Search code examples
python-2.7python-unicodestringio

StringIO getvalue raising UnicodeDecodeError when printing traceback


The call:

deprint(_(u'Error finding icon for %s:') % target.s, traceback=True)

where:

def deprint(*args,**keyargs):
    # msg = u''
    try:
        msg += u' '.join([u'%s'%x for x in args])
    except UnicodeError:
        # If the args failed to convert to unicode for some reason
        # we still want the message displayed any way we can
        for x in args:
            try:
                msg += u' %s' % x
            except UnicodeError:
                msg += u' %s' % repr(x)

    if keyargs.get('traceback',False):
        o = StringIO.StringIO(msg)
        o.write(u'\n')
        traceback.print_exc(file=o)
        value = o.getvalue()
        try:
            msg += u'%s' % value
        except UnicodeError:
            msg += u'%s' % repr(value)
        o.close()
    #...

Fails with:

Traceback (most recent call last):
  File "Wrye Bash Launcher.pyw", line 87, in <module>
  File "bash\bash.pyo", line 574, in main
  File "bash\basher.pyo", line 18921, in InitLinks
  File "bash\basher.pyo", line 18291, in InitStatusBar
  File "bash\bolt.pyo", line 2470, in deprint
  File "StringIO.pyo", line 271, in getvalue
UnicodeDecodeError: 'ascii' codec can't decode byte 0xe9 in position 37: ordinal not in range(128)

for a user with a French locale.

The line 2470, in deprint corresponds to value = o.getvalue(). In StringIO:

def getvalue(self):
    """
    Retrieve the entire contents of the "file" at any time before
    the StringIO object's close() method is called.

    The StringIO object can accept either Unicode or 8-bit strings,
    but mixing the two may take some care.
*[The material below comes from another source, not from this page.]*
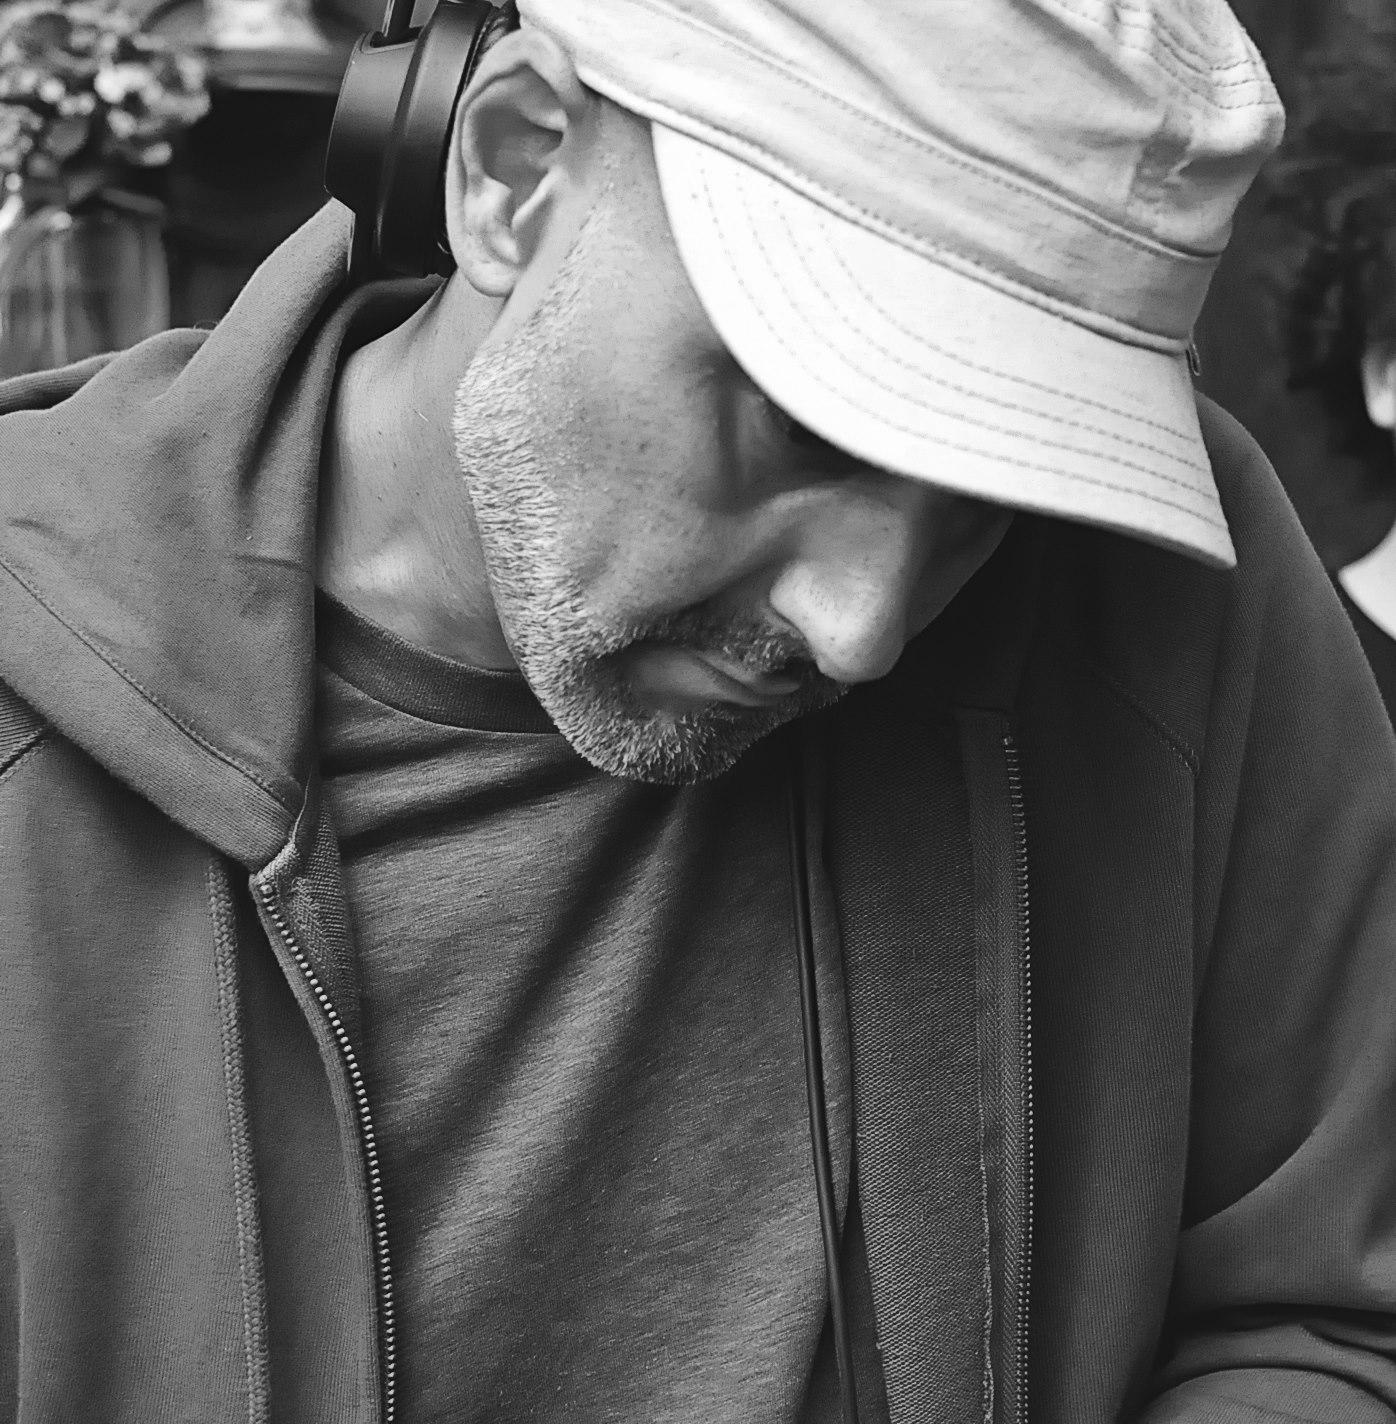 Craig Smith (6th Borough Project)

If both are used, 8-bit
    strings that cannot be interpreted as 7-bit ASCII (that use the
    8th bit) will cause a UnicodeError to be raised when getvalue()
    is called.
    """
    _complain_ifclosed(self.closed)
    if self.buflist:
        self.buf += ''.join(self.buflist) # line 271
        self.buflist = []
    return self.buf
  1. Where is the mixing of strings taking place ? As far as I can see I always pass unicode in.
  2. How should I rewrite the traceback.print_exc(file=o) call to be bullet proof ?

This:

     if keyargs.get('traceback',False):
-        o = StringIO.StringIO(msg)
-        o.write(u'\n')
+        o = StringIO.StringIO()
         traceback.print_exc(file=o)

does the trick but questions still stand


Solution

  • This:

    if keyargs.get('traceback',False):
        o = StringIO.StringIO()
        traceback.print_exc(file=o)
        value = o.getvalue()
        try:
            msg += u'\n%s' % unicode(value, 'utf-8')
        except UnicodeError:
            traceback.print_exc()
            msg += u'\n%s' % repr(value)
        o.close()
    

    solves it and avoids the UnicodeError msg += u'%s' % value would raise. So yes - I was indeed mixing string and unicode - string got in in the traceback.print_exc(file=o) call.

    Still not sure if the 'utf-8' in unicode(value, 'utf-8') is the way to go - but I guess that builtin exceptions would pass this ok, while my custom exceptions have unicode messages. Still say a windows error on a path may be encoded in mbcs ? Dunno - but this will do for now.

    Input (or a better solution) appreciated.